Monday, Dec. 02, 1974
Heeere's the Prof...
When he was an undergraduate at the University of Southern California (class of '71), Eric Cohen was so bored by some professors that he fell asleep in class. Now he is doing his best to keep the current student body from dozing off too. In fact, Cohen, a gagwriter for Johnny Carson and NBCTV, has been hired by U.S.C. to write jokes for professors to use in their lecture courses.
Cohen's campus job--unique in academe--was the idea of U.S.C. Dean Donald Lewis, a harsh critic of the bum-bung classroom performances of many college teachers. Lewis is particularly impatient with "typically inept" professors who read old and boring lecture notes to freshmen, most of whom are accustomed to watching fast-paced television programs. "The students catch on quickly," he says. "Soon they don't even show up."
To lure the students back into the lecture halls and make them more attentive, Lewis hired Cohen last year. He assigned him first to work on the lectures of a professor of psychology who had been rated "one of the worst" by his classes. Cohen, 26, "infused" jokes into the professor's lecture--on abnormal psychology--and had him begin by saying, "I consider myself particularly qualified to discuss troubled people because I've been both a student and a teacher here at U.S.C." The professor concluded his gag-filled talk by explaining how a student could measure his mental health: "Statistically, about one of every three persons is troubled. I'd like each of you to think of your two closest friends. If they both seem all right to you--then you're the one." He left the room to a standing ovation, but his reinvigorated style came too late; he was fired at the end of the semester.
A Little Snobbish. This fall Cohen is writing jokes for the casualty's replacement, Professor Scott Fraser, a more polished lecturer. One example, from a talk on "drive reduction" theories: "When they found a Japanese soldier recently who'd been living alone on a desert island for 29 years unaware World War II was over, he was going steady with a coconut tree he called Shirley."

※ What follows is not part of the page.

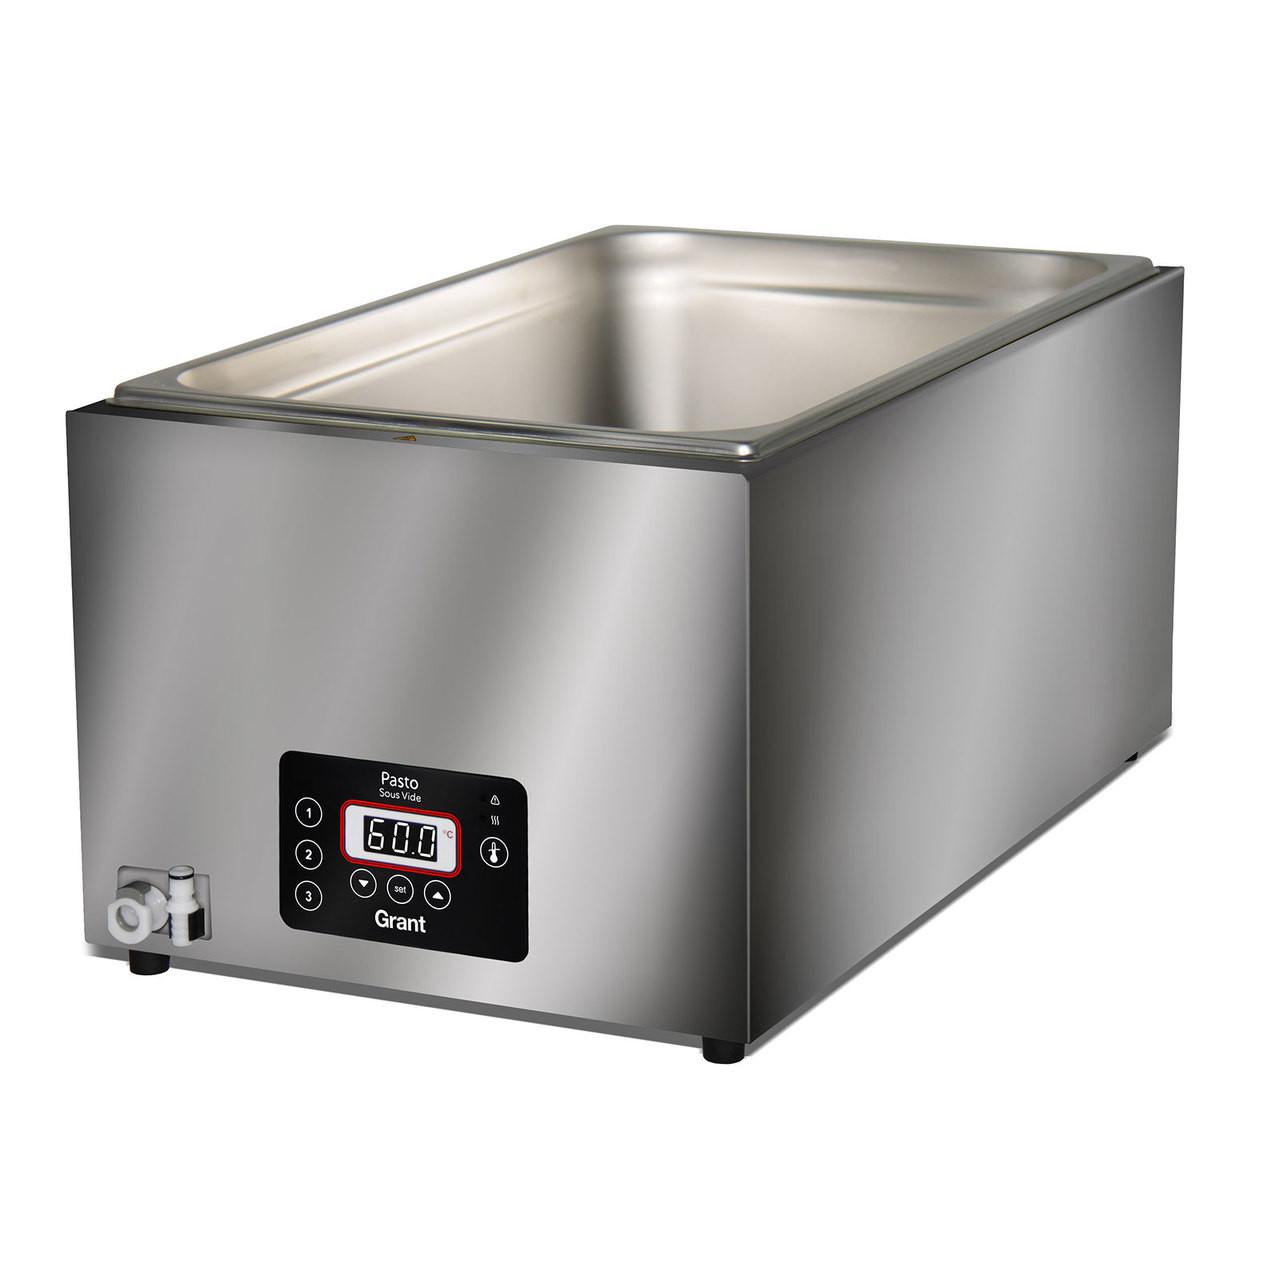 Grant - Pasto Sous Vide Water Bath 26lt - Stainless Steel

Cohen's efforts have met some professorial resistance. "I may be a little snobbish," sniffs Professor John Cantel-on, "but I don't think you are necessarily going to turn a Caspar Milquetoast with a Ph.D. into a scintillating lecturer." Adds Religion Professor J. Wesley Robb: "What happens to learning when a class becomes enamored of an actor?"
Even Cohen admits that there is a limit to what he can accomplish. "You don't want your psych professor sounding like Henny Youngman," he says. "That would be too jarring."
For his services, Cohen receives only a "token payment" (his NBC salary runs to four figures a week). He explains: "U.S.C. really can't afford me." But as a former student he has other rewards: "There's a rather delicious, perverse thrill to going back there now in such a position of authority."